Here's how it should be:

i = 10000000000000000000000000000000000000  # an int128 number
print(len('{0:b}'.format(i)))
max_int64 = 0xFFFFFFFFFFFFFFFF
packed = struct.pack('>qq', (i >> 64) & max_int64, i & max_int64)
a, b = struct.unpack('>QQ', packed)
unpacked = (a << 64) | b
print(unpacked)
print('{0:b}'.format(unpacked))

Out:

123
10000000000000000000000000000000000000
111100001011110111000010000110101011101101001000110110110010000000011110100001101101010000000000000000000000000000000000000

Since version 3.2 :

def unsignedToSigned(n, byte_count):
return int.from_bytes(n.to_bytes(byte_count, 'little', signed=False), 'little', signed=True)

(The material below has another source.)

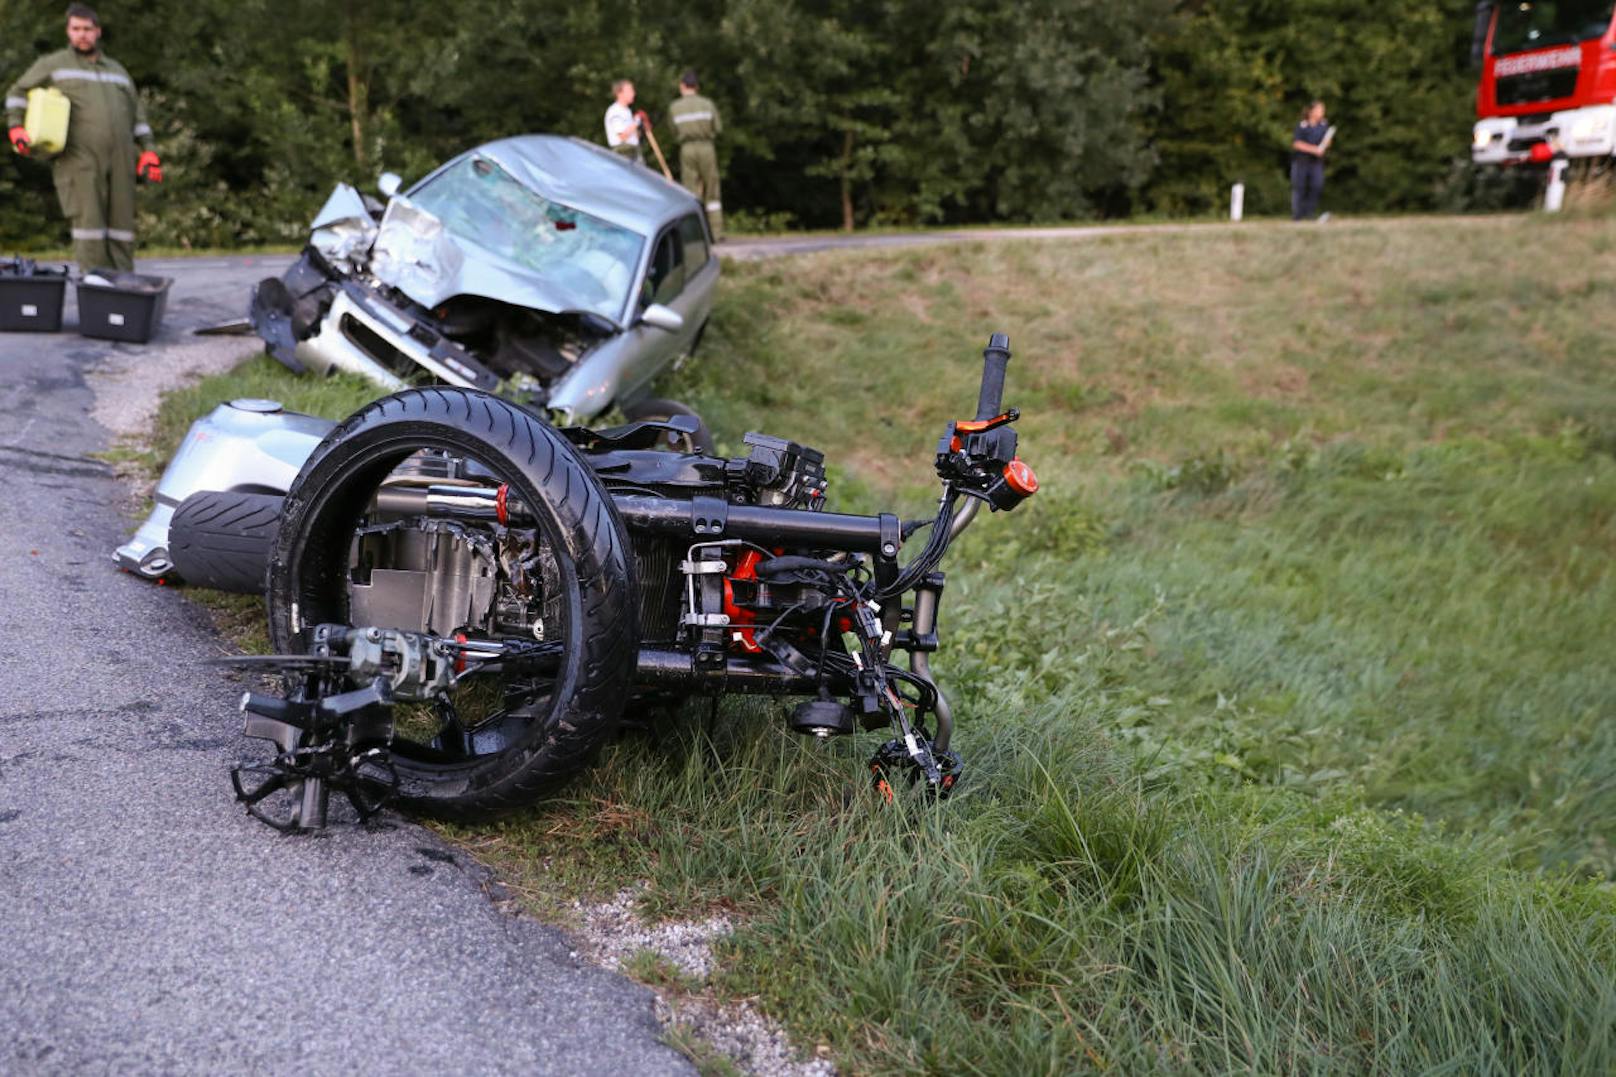 Bei einer schweren Kollision zwischen einem Motorrad und einem Pkw im Gemeindegebiet von Manning (Bz. Vöcklabruck) gab es einen Toten. Trotz Reanimationsversuchen kam für den Motorradlenker jede Hilfe zu spät.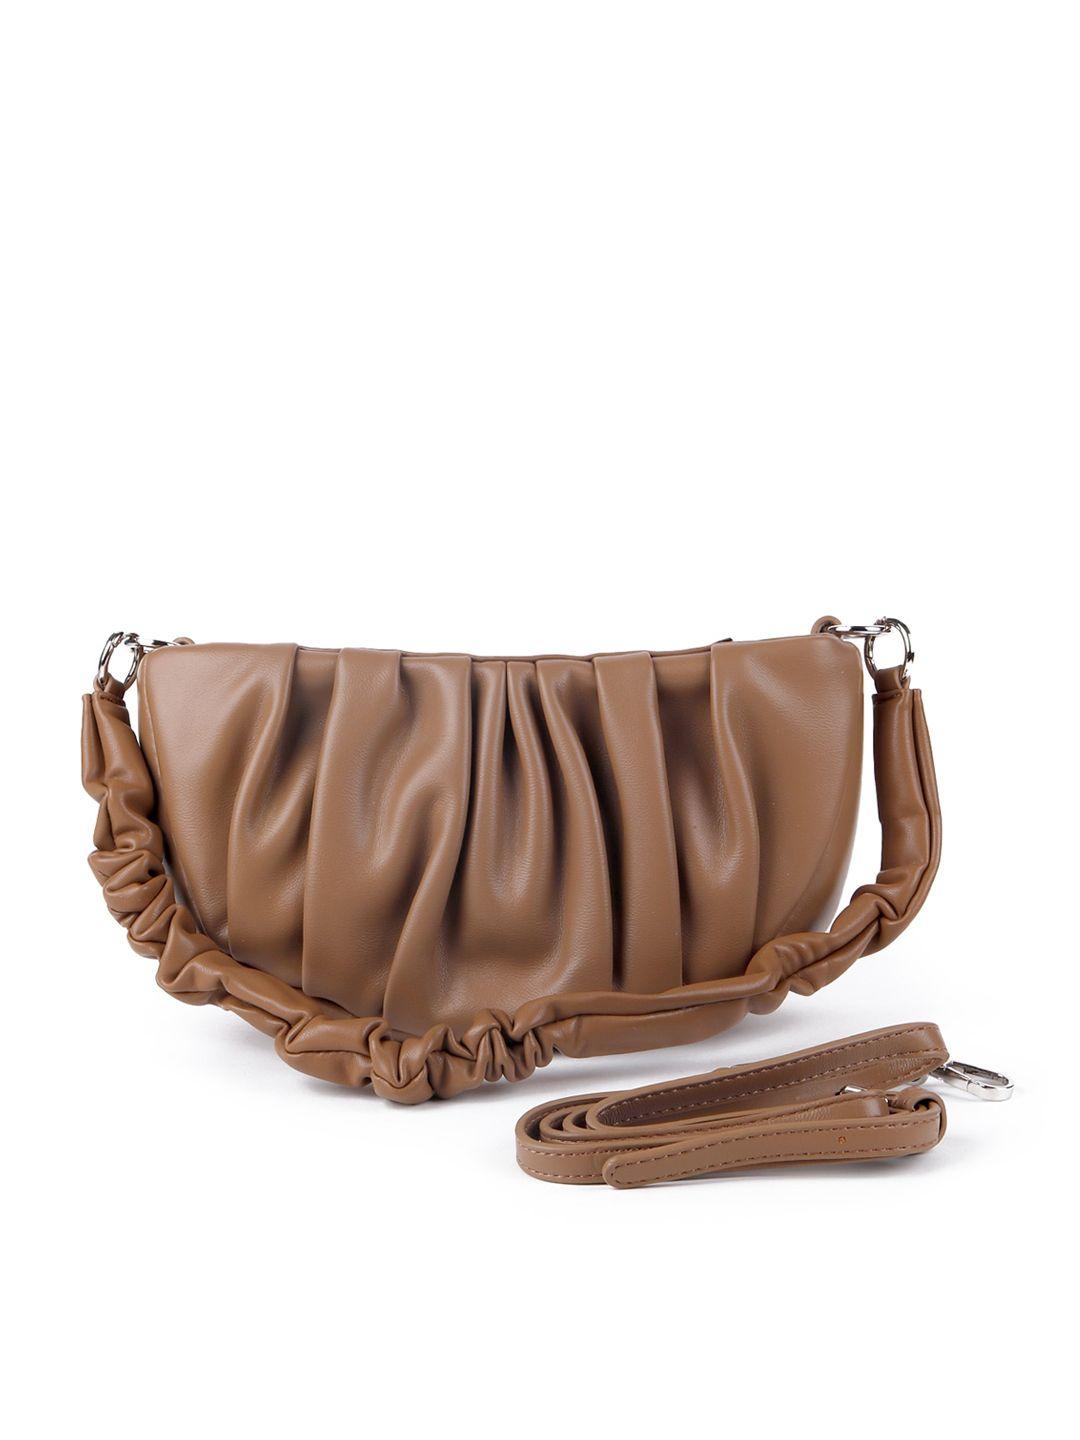 odette brown leather structured sling bag

def signedToUnsigned(n, byte_count):
return int.from_bytes(n.to_bytes(byte_count, 'little', signed=True), 'little', signed=False)

output :

In [3]: unsignedToSigned(5, 1)
Out[3]: 5


In [4]: signedToUnsigned(5, 1)
Out[4]: 5


In [5]: unsignedToSigned(0xFF, 1)
Out[5]: -1


In [6]: signedToUnsigned(0xFF, 1)
---------------------------------------------------------------------------
OverflowError                             Traceback (most recent call last)
Input In [6], in <cell line: 1>()
----> 1 signedToUnsigned(0xFF, 1)


Input In [1], in signedToUnsigned(n, byte_count)
4 def signedToUnsigned(n, byte_count):
----> 5   return int.from_bytes(n.to_bytes(byte_count, 'little', signed=True), 'little', signed=False)


OverflowError: int too big to convert


In [7]: signedToUnsigned(-1, 1)
Out[7]: 255

Explanations : to/from_bytes convert to/from bytes, in 2's complement considering the number as one of size byte_count * 8 bits. In C/C++, chances are you should pass 4 or 8 as byte_count for respectively a 32 or 64 bit number (the int type). I first pack the input number in the format it is supposed to be from (using the signed argument to control signed/unsigned), then unpack to the format we would like it to have been from. And you get the result.

Note the Exception when trying to use fewer bytes than required to represent the number (In [6]). 0xFF is 255 which can't be represented using a C's char type (-128 ≤ n ≤ 127). This is preferable to any other behavior.